ASSIGNMENT: Copy all data exactly. Skip pictures.

DATASET EXCERPT:
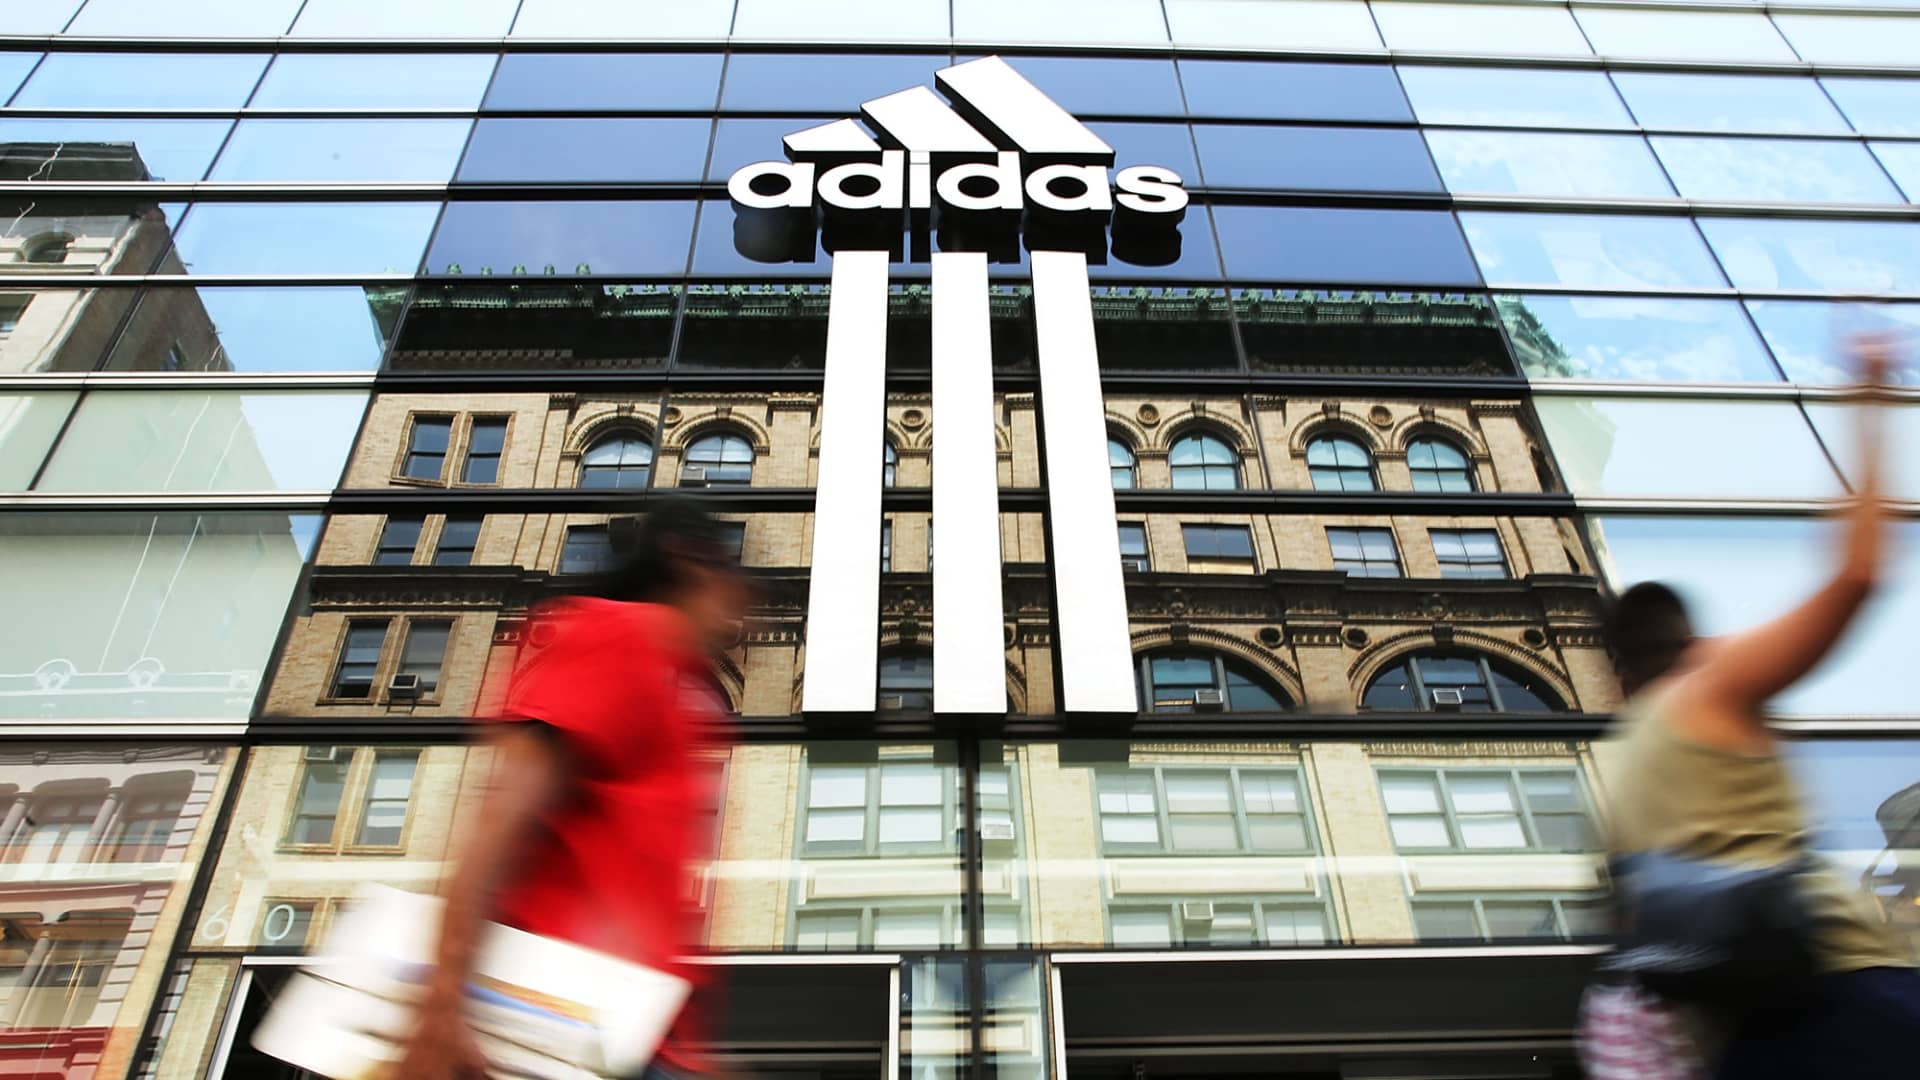 Adidas announces new network that will allow more than 50,000 student-athletes to be paid ambassadors
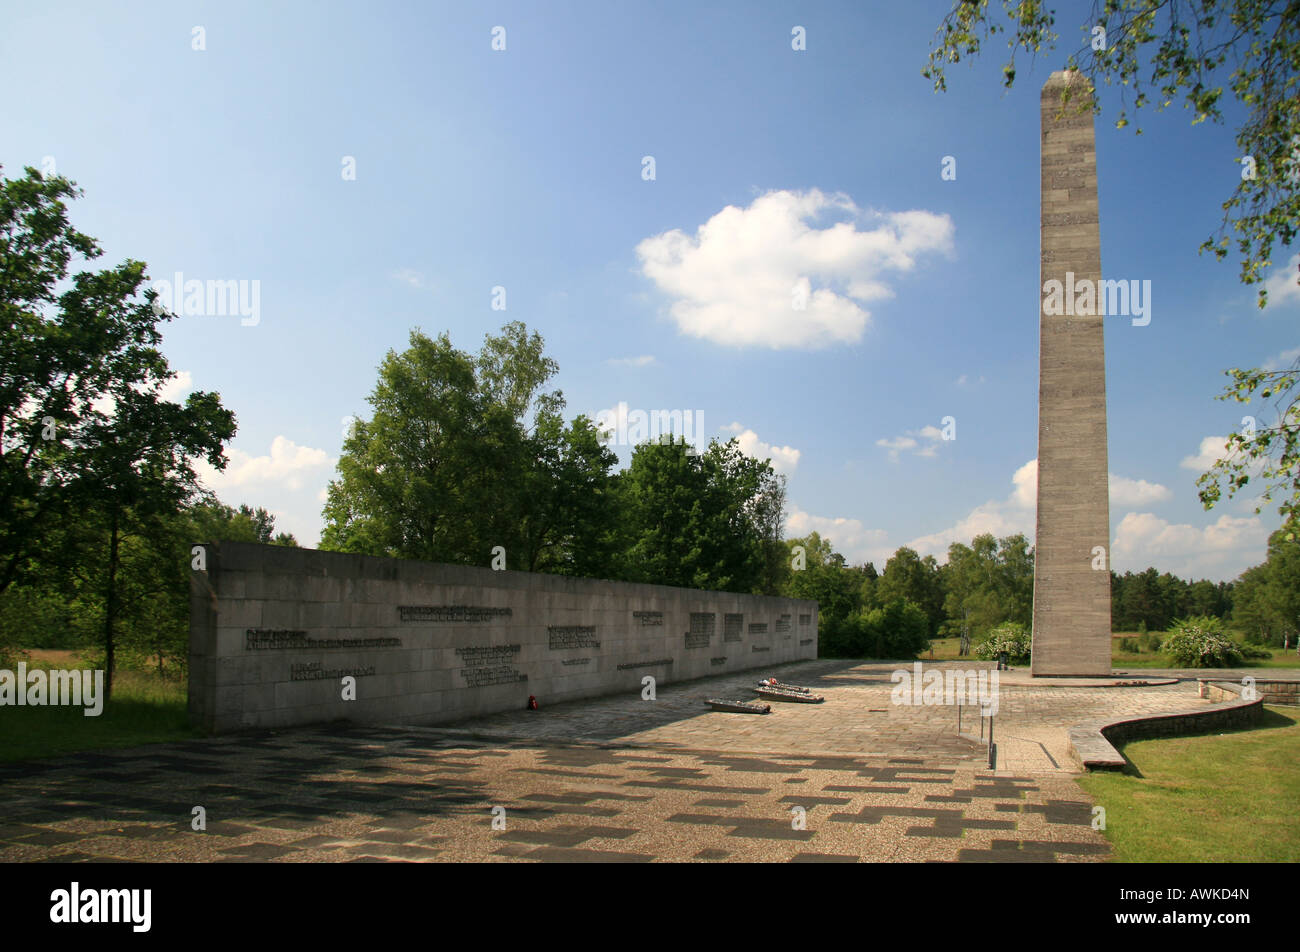 The Obelisk and Inscription Wall in the main memorial area of the former Nazi concentration camp at Bergen Belsen, Germany. Stock Photo
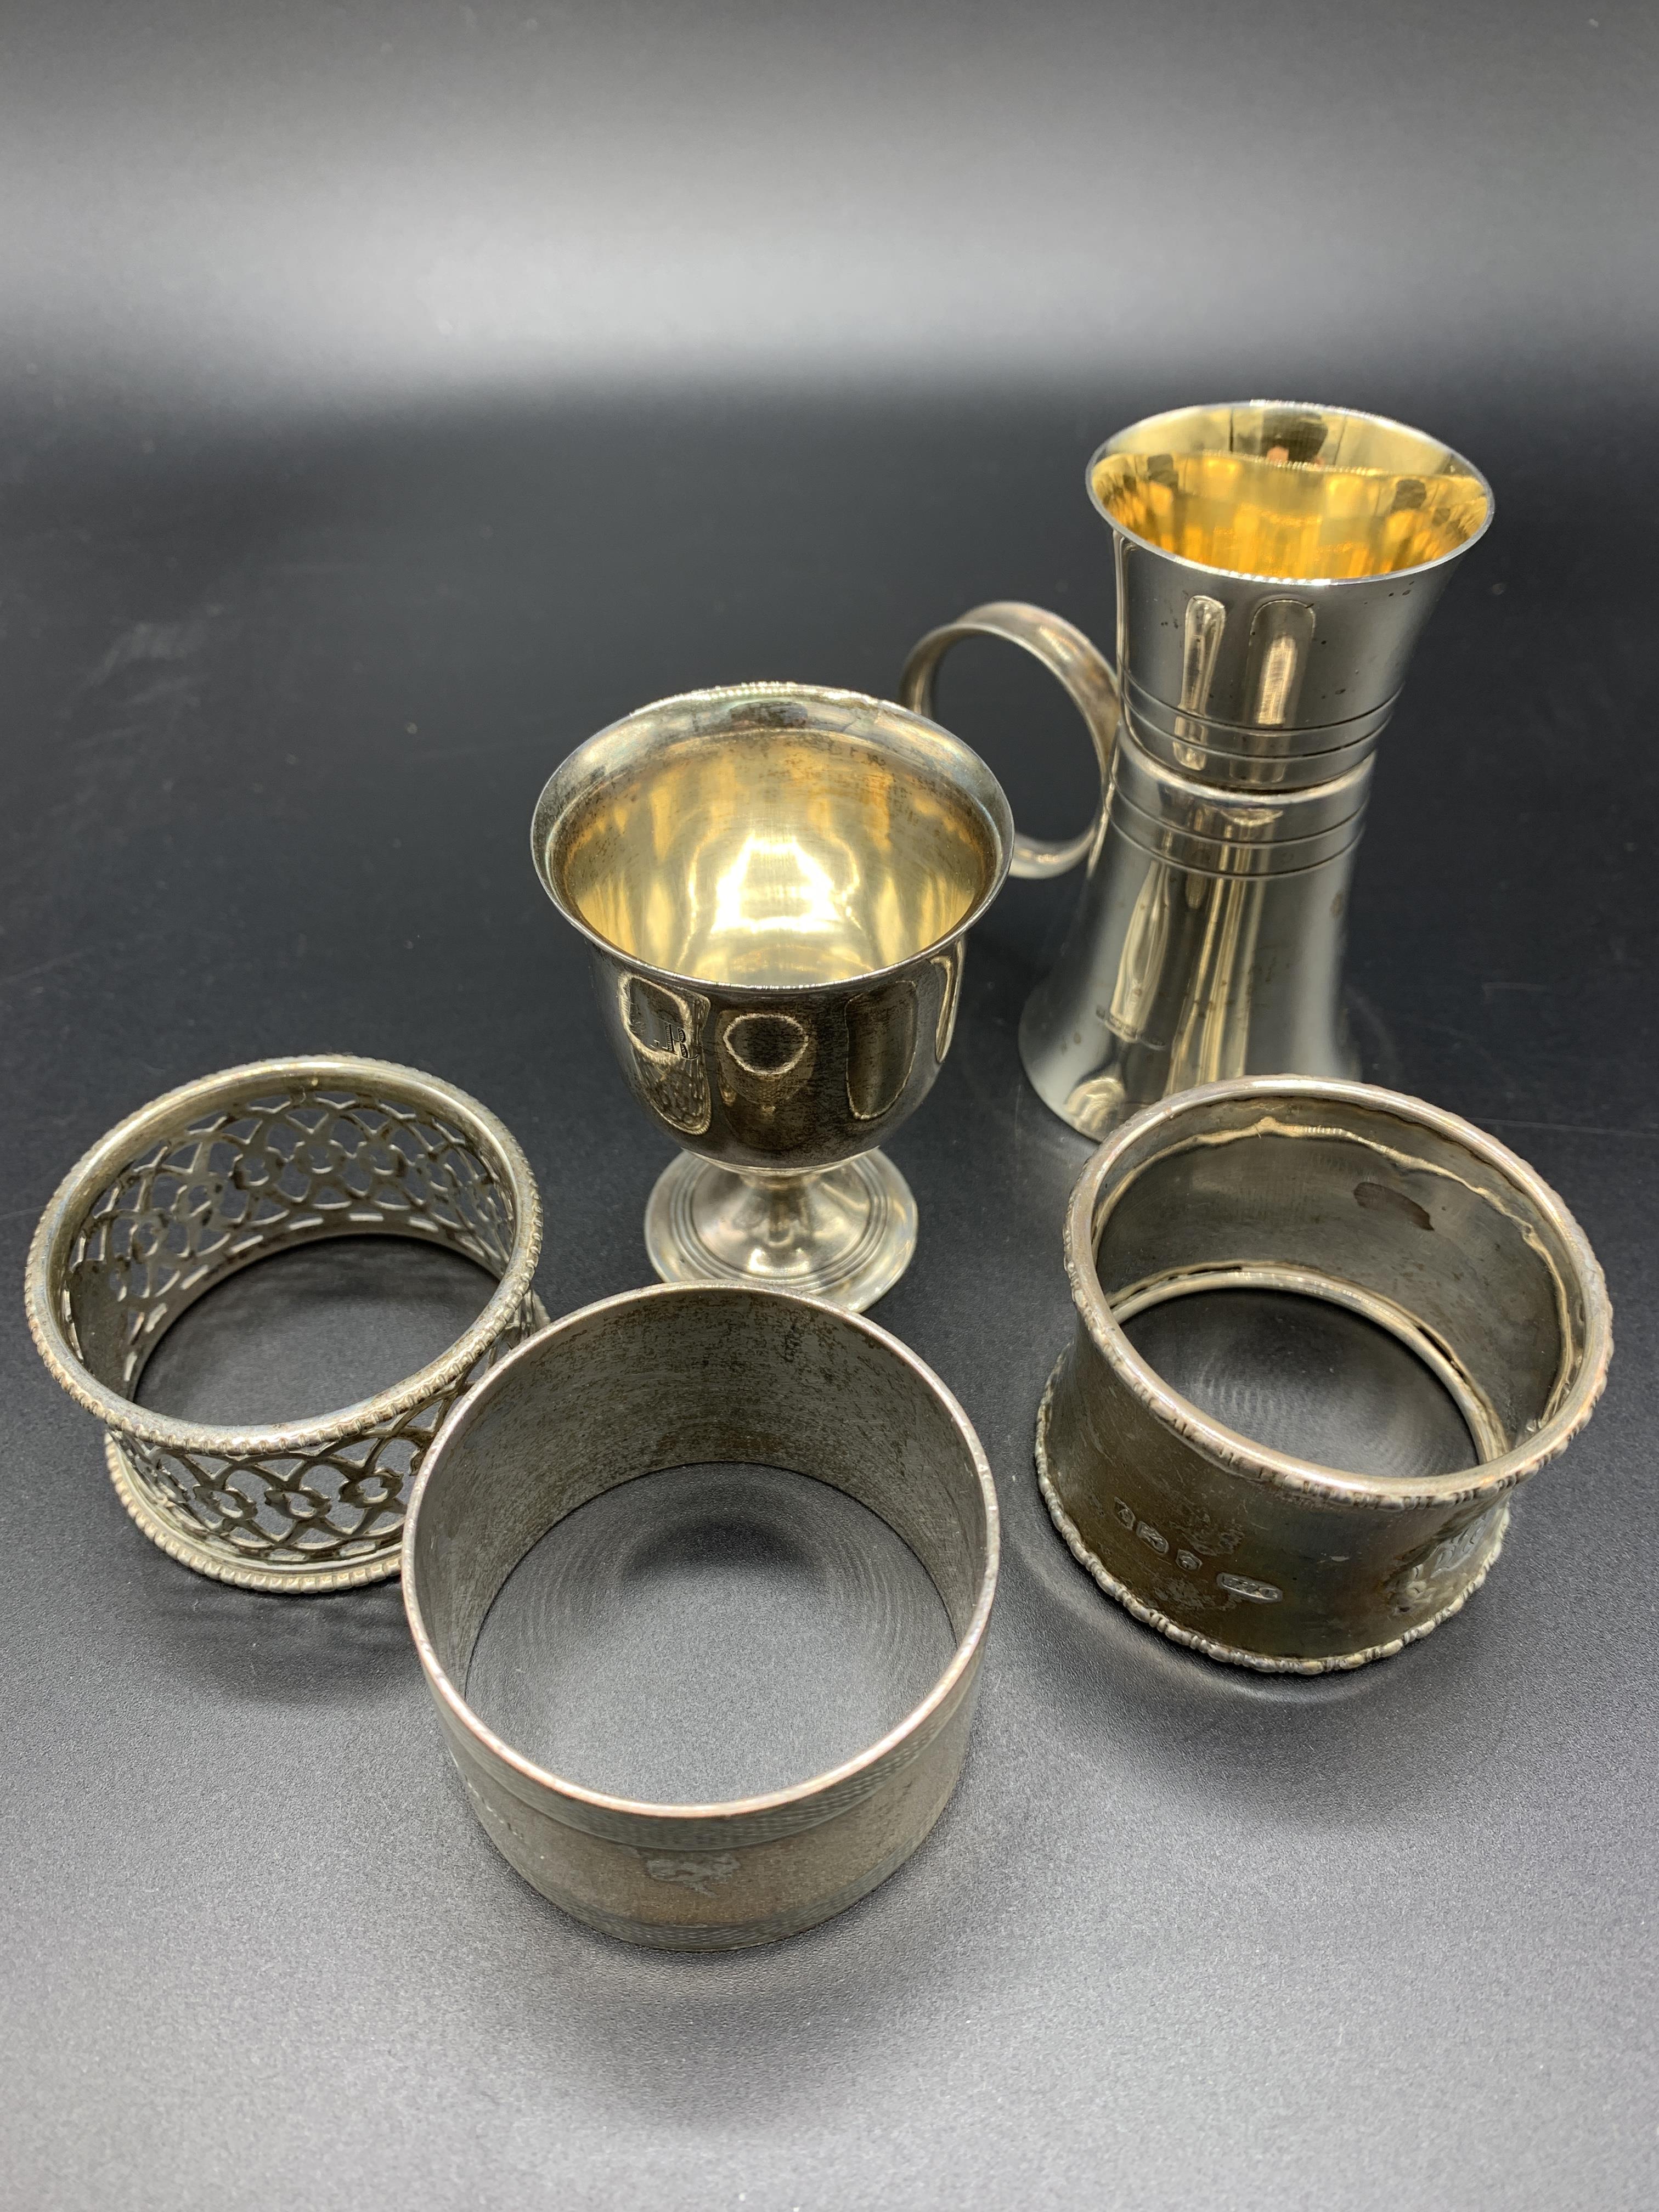 A hallmarked silver and gilt drinks measure, a silver egg cup, and three silver napkin rings

OUTPUT BELOW:
 Adidas announces new network that will allow more than 50,000 student-athletes to be paid ambassadors
 The Obelisk and Inscription Wall in the main memorial area of the former Nazi concentration camp at Bergen Belsen, Germany. Stock Photo
 A hallmarked silver and gilt drinks measure, a silver egg cup, and three silver napkin rings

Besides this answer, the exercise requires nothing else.